# Canon 1D Mark IV with low actuations?



## tiger82 (Sep 22, 2013)

I have been on the lookout for a great deal on a used Canon 1D Mark IV with low actuations. My idea of low is less than 100K out of the 300k estimated life. I am seeing ads and auctions for bodies with less than 10K and some below 2500!!!! Is it believeable that someone would spend upwards of $6000 and shoot only 2000 images? I can squeeze that many off in one game. I suppose they may have been videographers but would video use entail the same wear and tear as tens of thousands of shutter actuations?

Now that the 1Dx is on the refurb list for mid $5000, I may abandon my search for a $3000 1D4 and get a 1 year warranty.


----------



## Ewinter (Sep 22, 2013)

I can't answer to the video question, but there are lots of people who buy gear and just leave it on the shelf for months before selling it back to the shop I work in at a loss. This is how I get most of my gear- mint and only 2/3 the new price


----------



## tiger82 (Sep 22, 2013)

Ewinter said:


> I can't answer to the video question, but there are lots of people who buy gear and just leave it on the shelf for months before selling it back to the shop I work in at a loss. This is how I get most of my gear- mint and only 2/3 the new price



What is the point in buying expensive gear if you won't use it? To me, gear is worth it if I will use it to the point it costs me less than 10 cents an image, ideally 2 cents.


----------



## Eldar (Sep 22, 2013)

If your main thing is wildlife, looking for the shy and rare, with lots of waiting and nothing to shoot, maybe with more than one body, you don't push the shutter too often. But 2500 is very low.


----------



## Ewinter (Sep 22, 2013)

tiger82 said:


> Ewinter said:
> 
> 
> > I can't answer to the video question, but there are lots of people who buy gear and just leave it on the shelf for months before selling it back to the shop I work in at a loss. This is how I get most of my gear- mint and only 2/3 the new price
> ...



I have no idea. They're mostly rich people who like their L lenses because they have a red ring, and the status it gives them. I'm happy for them to do it- I get great lenses at amazing prices.
I use my gear- it's a tool, not a collection. I've put 2000 shots on my new 1dx in 3 days, and that's without any sports events happening.
Ultimately, the shutter is worth the cost of replacement on pro bodies, and I didn't buy the camera so it can devalue on the shelf. It'll be losing value in my hands, where it should be


----------



## Menace (Sep 23, 2013)

*Re: Canon 1D Mark IV with low actuations?p*

2500 Shutter count sounds too low to me. Personally, I'd save up more and get the 1Dx


----------



## pwp (Sep 23, 2013)

tiger82 said:


> Ewinter said:
> 
> 
> > I can't answer to the video question, but there are lots of people who buy gear and just leave it on the shelf for months before selling it back to the shop I work in at a loss. This is how I get most of my gear- mint and only 2/3 the new price
> ...


The reality is there are plenty of seriously cashed-up amateur gear nuts who just have to have the latest and the best, and go on to give their phone camera more use. There are also cashed up customers that unscrupulous sales people see coming and sell them stuff that is way beyond their needs but well within their budgets. This may explain the very low shutter count 1D MkIV bodies that come up for sale from time to time.

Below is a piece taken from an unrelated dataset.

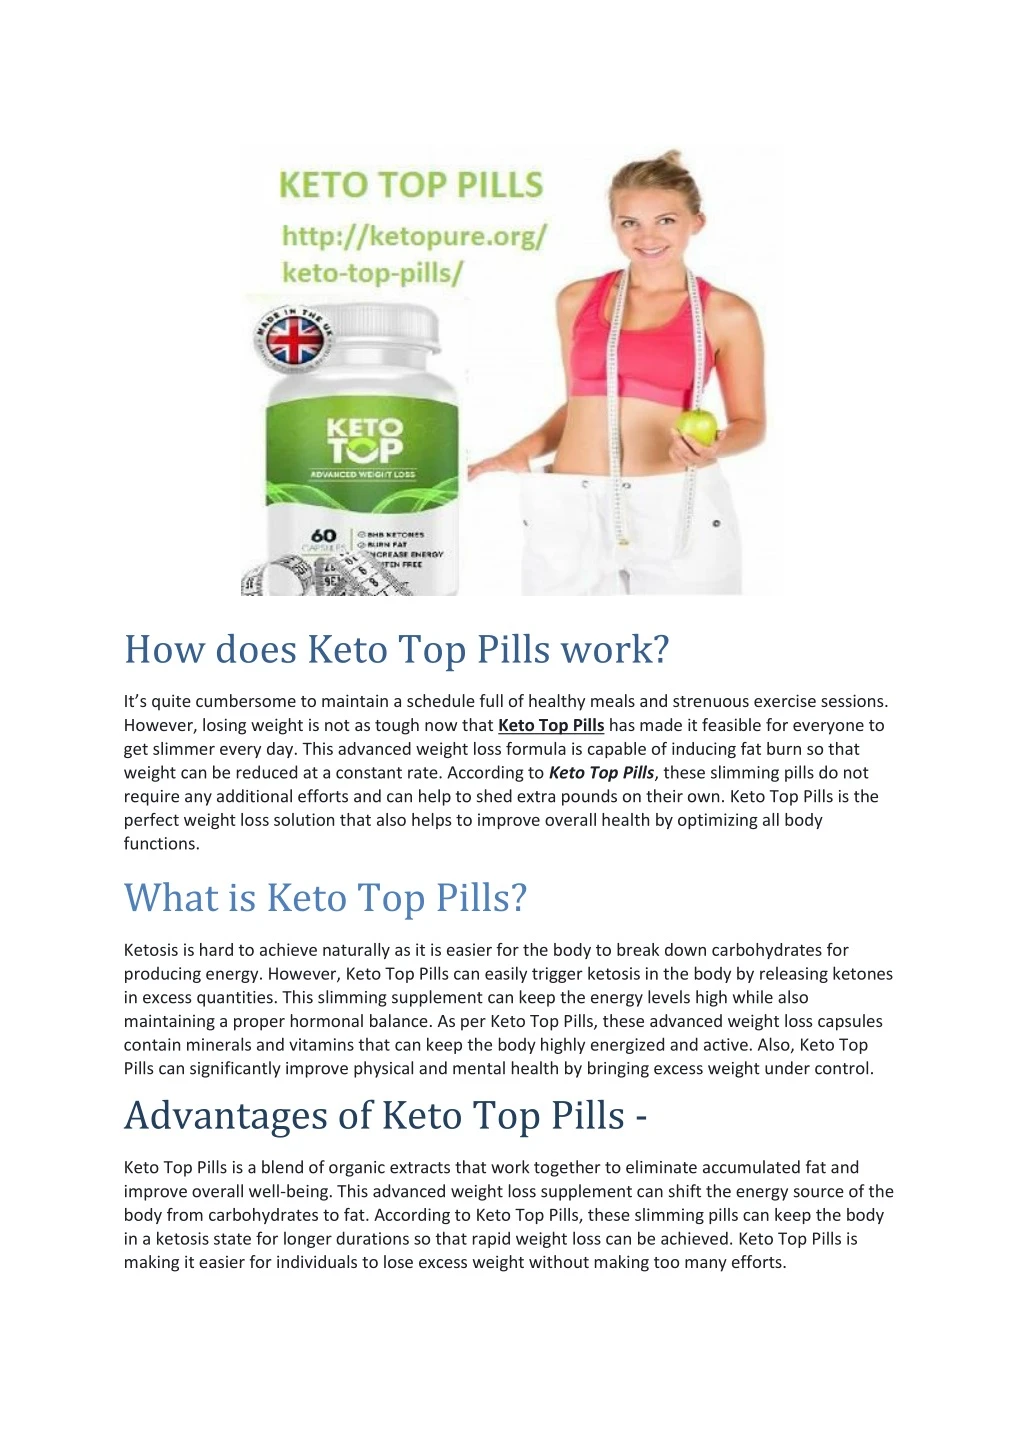 how does keto top pills work

Good luck to the OP if the offer is genuine and the price is right. The MkIV is an incredible high performance camera. Mine has over 500,000 actuations and is all-original. The 300,000 estimated life is misleading and generally highly conservative. My old 5Dc ran up over 400,000 when I gave it to an assistant. It's still going strong. There are plenty of 1-Series bodies in the hands of busy professional news and sports shooters who routinely run up several hundred thousand to a million actuations without problems. 

The only shutters I have ever had replaced are one that I put a thumb through on an EOS 1V film body, and on a 2 day old 5D3 which was exchanged without question. While it's nice to have a genuinely low shutter count body there is far too much significance put on this issue.

-pw


----------



## Viggo (Sep 23, 2013)

"The only shutters I have ever had replaced are one that I put a thumb through on an EOS 1V film body" That's a big "Oh sh!t" moment right there ;D

My 1d X has passed 55k in a year and I am no pro. Usually 2500 shots is just to warm up to the settings and testing. 

My girlfriend had a 40d that saw almost no use, as she borrowed my mk4, I guessed that it would have around 2000 actuations, ran it through EOScount, and it said 7300 something. Every single add over here states, "approx. 10k actuations" so I wouldn't take it to seriously.


----------



## Marsu42 (Sep 23, 2013)

tiger82 said:


> Now that the 1Dx is on the refurb list for mid $5000, I may abandon my search for a $3000 1D4 and get a 1 year warranty.



The 1.3x aps-h crop factor might very well make a difference as it uses the center of the lenses which might improve iq plus it's nearly a free 1.4x extender with no iq loss - as far as I understand it cropping from 18mp of the 1dx won't change this. The 1d4 would be my dream camera, but other than pwp wrote I never see good deals in Germany, on the contrary, just like ff in general 1d bodies seem to have such a prestige value that it's out of the question for me.



Viggo said:


> I guessed that it would have around 2000 actuations, ran it through EOScount, and it said 7300 something.



This will take enabling live view or doing "quick af" in lv into account which is also a shutter cycle. Magic Lantern is able to tell you the number of shooting and lv/af mirror flips you have.


----------



## Don Haines (Sep 23, 2013)

I have a friend who recently lost her 5D2. She was lamenting the fact that she lost every picture she had taken for the last three years. Aparantly, she had never downloaded any of the pictures... This means that every shot ever taken with the camera was still on a single memory card!!!!!!

There are good cameras out there that have been barely used.... There are very few members of the generalpublic that take hundreds of pictures a day. Where a photographer would take a hundred or more pictures to get one "just right" (bird photography...), most snapshooters would take one picture or perhaps two...


----------



## Marsu42 (Sep 23, 2013)

Don Haines said:


> I have a friend who recently lost her 5D2. She was lamenting the fact that she lost every picture she had taken for the last three years. Aparantly, she had never downloaded any of the pictures... This means that every shot ever taken with the camera was still on a single memory card!!!!!!



Omh - but you might be correct, I recently also met a very nice elderly lady at the local zoo who had been sold a 5d2 including 270ex(!) flash, the way she shot she was maybe also under 1k shutters per year :-o ... but never the less suspicion is advisable, there are just too many nearly never driven used cars around


----------



## Viggo (Sep 23, 2013)

Are shutters like cars? I mean, a cab that has a thousand times the mileage of a normal car needs much less service and will also last for huge amounts of miles more than a normal car due to the fact that they are being used aaall the time. 

Will a shutter that sees much use every day, last for more actuations than a shutter that's being used once or twice a week/month, couple of hundred shots a year?


----------



## Mt Spokane Photography (Sep 23, 2013)

I bought mine used, it was supposed to have less than 500, but when I checked it had 1300. There were two on Craigslist at the time virtually unused with about 500 actuations. Some people buy cameras they don't need, and just go back to a P&S because they feel more comfortable.


----------